Option pricing with jumps

Description

The functions cashjump, assetjump, and mertonjump return call and put prices, as vectors named "Call" and "Put", or "Call1", "Call2", etc. in case inputs are vectors. The pricing model is the Merton jump model, in which jumps are lognormally distributed.

Usage

assetjump(s, k, v, r, tt, d, lambda, alphaj, vj, complete)
cashjump(s, k, v, r, tt, d, lambda, alphaj, vj, complete)
mertonjump(s, k, v, r, tt, d, lambda, alphaj, vj, complete)

Arguments

Details

Returns a scalar or vector of option prices, depending on the inputs

Value

A vector of call and put prices computed using the Merton lognormal jump formula.

See Also

McDonald, Robert L., Derivatives Markets, 3rd Edition (2013) Chapter 24

bscall bsput

Examples

s <- 40; k <- 40; v <- 0.30; r <- 0.08; tt <- 2; d <- 0;
lambda <- 0.75; alphaj <- -0.05; vj <- .35;
bscall(s, k, v, r, tt, d)
bsput(s, k, v, r, tt, d)
mertonjump(s, k, v, r, tt, d, 0, 0, 0)
mertonjump(s, k, v, r, tt, d, lambda, alphaj, vj)

## following returns the same price as previous
c(1, -1)*(assetjump(s, k, v, r, tt, d, lambda, alphaj, vj) -
k*cashjump(s, k, v, r, tt, d, lambda, alphaj, vj))

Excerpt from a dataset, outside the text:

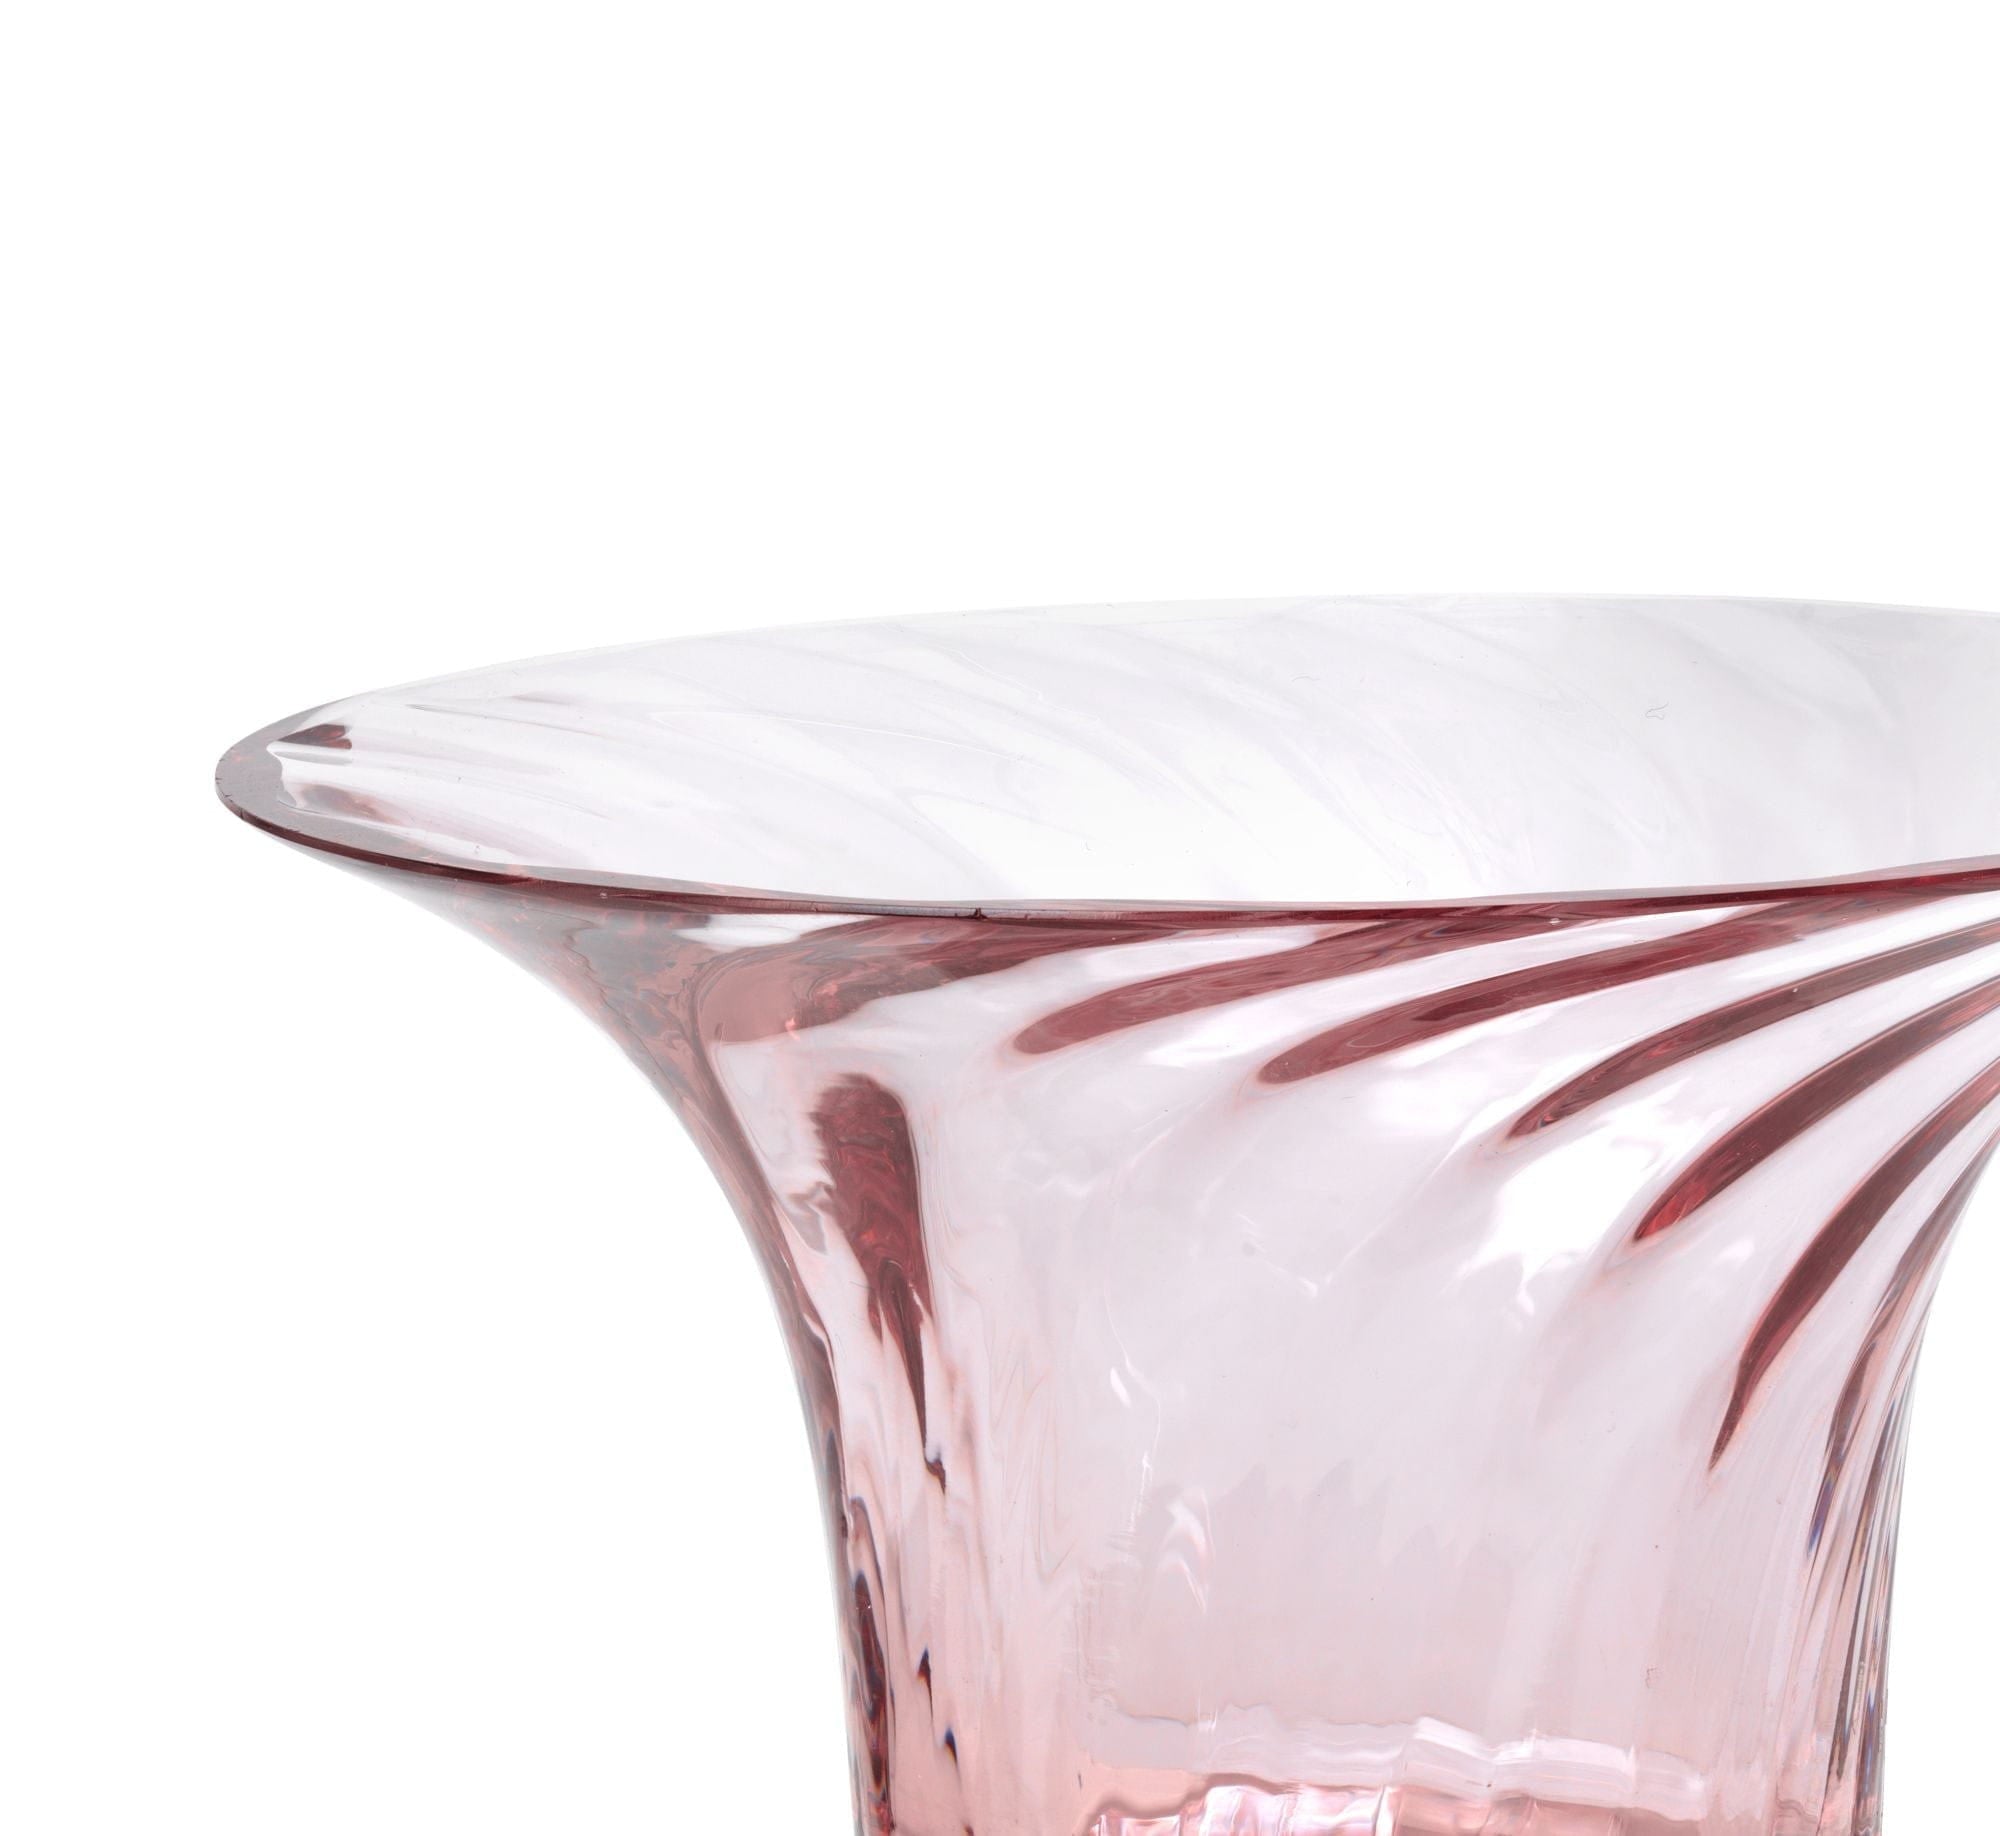 Rosendahl Filigran optisk jubilæums tealight indehaver ø11 cm, lyserød

## return call prices for different strikes
kseq <- 35:45
cp <- mertonjump(s, kseq, v, r, tt, d, lambda, alphaj,
    vj)$Call

## Implied volatilities: Compute Black-Scholes implied volatilities
## for options priced using the Merton jump model
vimp <- sapply(1:length(kseq), function(i) bscallimpvol(s, kseq[i],
    r, tt, d, cp[i]))
plot(kseq, vimp, main='Implied volatilities', xlab='Strike',
    ylab='Implied volatility', ylim=c(0.30, 0.50))